10/29/14, 11 yards, Vegas Face, maybe not the arrows for Indoors with 80 gr points. One dumb me shot, low 9. One almost 9 high shot, 33 in the 10 and X ring and no where near a ragged hole. While shooting this I adjusted vertical 6 clicks. And this shooting one shot at a time except for the 3 times I shot twice. 

10/30/14, 20 yards. I didn't have a float problem, but had issues with getting on target or rather how to shoot the sucker. (Hold on, going to check.) Intimidated some, I think, and jerky and still feeling my bow is "toy" light I had seven 8s, two right left and right from me being stupid. 7 were pretty much dead center low. I had fourteen 9s. Started figuring out how to a approach the center of the yellow I started hitting. I adjusted up 3 clicks after seeing my fiber pin bent a tad right. Some 40 shots blew out the X ring and a health section of the 10 ring. If I started in the yellow my shots went low and right. Coming a bit high and right and that center got punishment and enough punishment I blew through the bale and had to pry arrows out of the conveyor belt behind the bale. Now that I have sort of a planned course of getting to center the yellow I have it in my head that me executing better will give a lot of improvement. Yeah, and you blow out the center and the pin sure doesn't show like it should. And again, most all the time I shot one shot at a time, having to set each time.

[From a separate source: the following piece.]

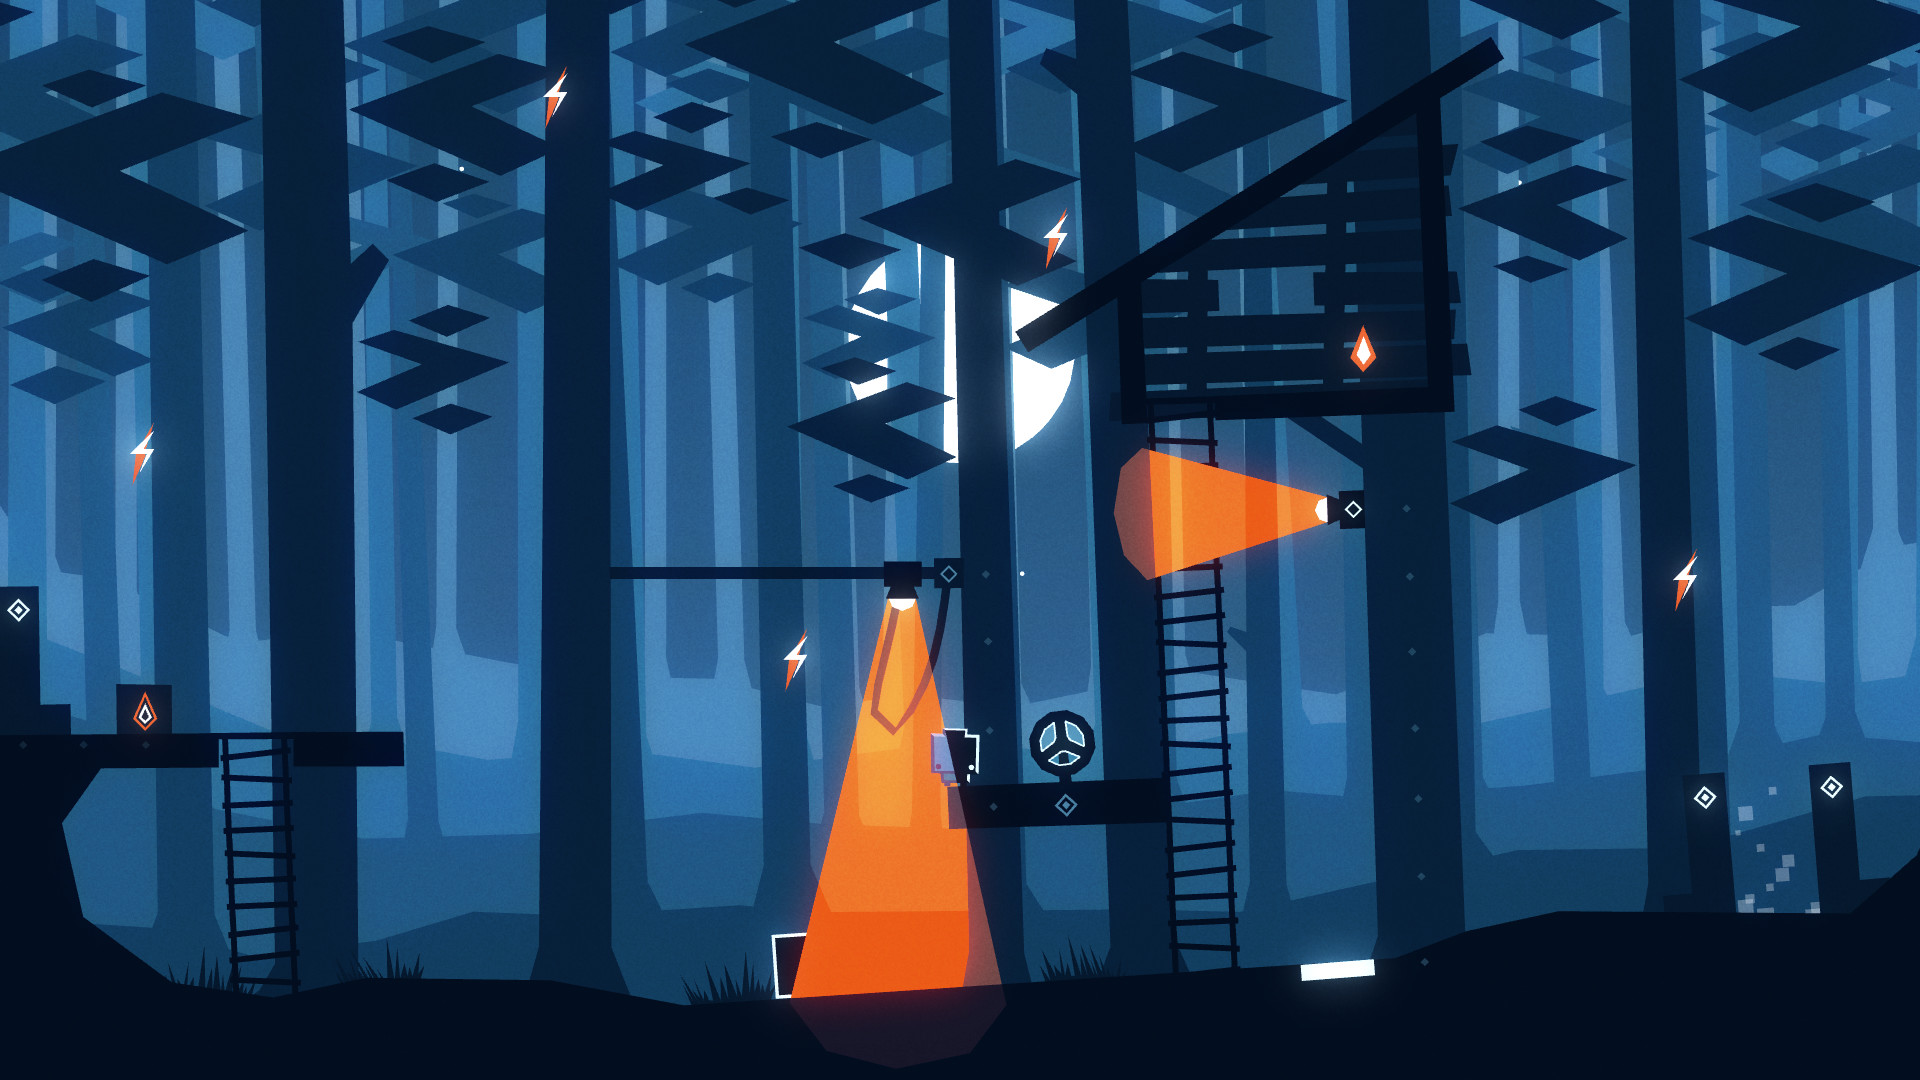 Night Lights screenshot

Bow so dang light is does feel toy like. So use to it being heavy I'm still drawing and hitting the wall hard, bouncing the arrow on the rest where I never did before. 

No, not impressive, but I know I can do better now...


----------



## EPLC (May 21, 2002)

SonnyThomas said:


> Well, I can't quite agree on the mathematical certainty. I never shot anywhere good on the Vegas face, except one time, pure luck, and no I was not one of the score keepers. I thought the score keeper gave me the wrong score card, that unbelievable to me.
> I never shot a 300 on the 5 spot until well after I took Champion in the 2004 IAA State Championship. I cleaned the 80 Field Walk Up and the Hunter 70 yard Walk Up and more than once. 80 yards, bull's eye 5.18" in diameter. I earned every ad-on bar for both Field and Hunter.
> 
> Shooting 20 yards on the Vegas face is nothing compared to shooting 10, 11 or 15 yards. If you don't practice at 20 yards just how the hell are you going to know how shoot from 20 yards? It's damned different, for me at least. Something like EPLC, opposite I think, I am left handed, left eye dominant and shoot a bow right handed....
> ...


Thanks for sharing that. I wish more on this forum would put it out there for all to see. I certainly put mine out there.


----------



## ILOVE3D (Feb 4, 2009)

Ok, you asked for it. I haven't put out mine out because I have a very long way to go. Went to the pro shop last night for a weekly shoot and they were shooting Vegas face. Darn, not what I wanted to do at this time. I took my supra ME and some 2712's. Scope was 4x with a dot and many times the dot did not want to stay in the yellow yet alone the 10 ring. Float was great but in the red at 12 oclock. Every time the dot would cover up the 10 ring I had to lower it to make sure the 10 ring was still there. Just put on a circle and took off the dot and going to try that at 5 yards today. There is a big international shoot tomorrow in Phoenix, 100 miles up the road and was going to go. Now I'm going to stay home and work on my 5 yard game. Not ready for the competition aspect at this time. *The dot covering up the 10 ring and needs to be moved to see it's still there, is this common and will the 5 yard (short yardage) practice take care of it?*


----------



## EPLC (May 21, 2002)

ILOVE3D said:


> Ok, you asked for it. I haven't put out mine out because I have a very long way to go. Went to the pro shop last night for a weekly shoot and they were shooting Vegas face. Darn, not what I wanted to do at this time. I took my supra ME and some 2712's. Scope was 4x with a dot and many times the dot did not want to stay in the yellow yet alone the 10 ring. Float was great but in the red at 12 oclock. Every time the dot would cover up the 10 ring I had to lower it to make sure the 10 ring was still there. Just put on a circle and took off the dot and going to try that at 5 yards today. There is a big international shoot tomorrow in Phoenix, 100 miles up the road and was going to go. Now I'm going to stay home and work on my 5 yard game. Not ready for the competition aspect at this time. *The dot covering up the 10 ring and needs to be moved to see it's still there, is this common and will the 5 yard (short yardage) practice take care of it?*


Yes, very common. In fact I share this issue with you and this is why I use a big hole to shoot through.


----------



## ILOVE3D (Feb 4, 2009)

EPLC said:


> Yes, very common. In fact I share this issue with you and this is why I use a big hole to shoot through.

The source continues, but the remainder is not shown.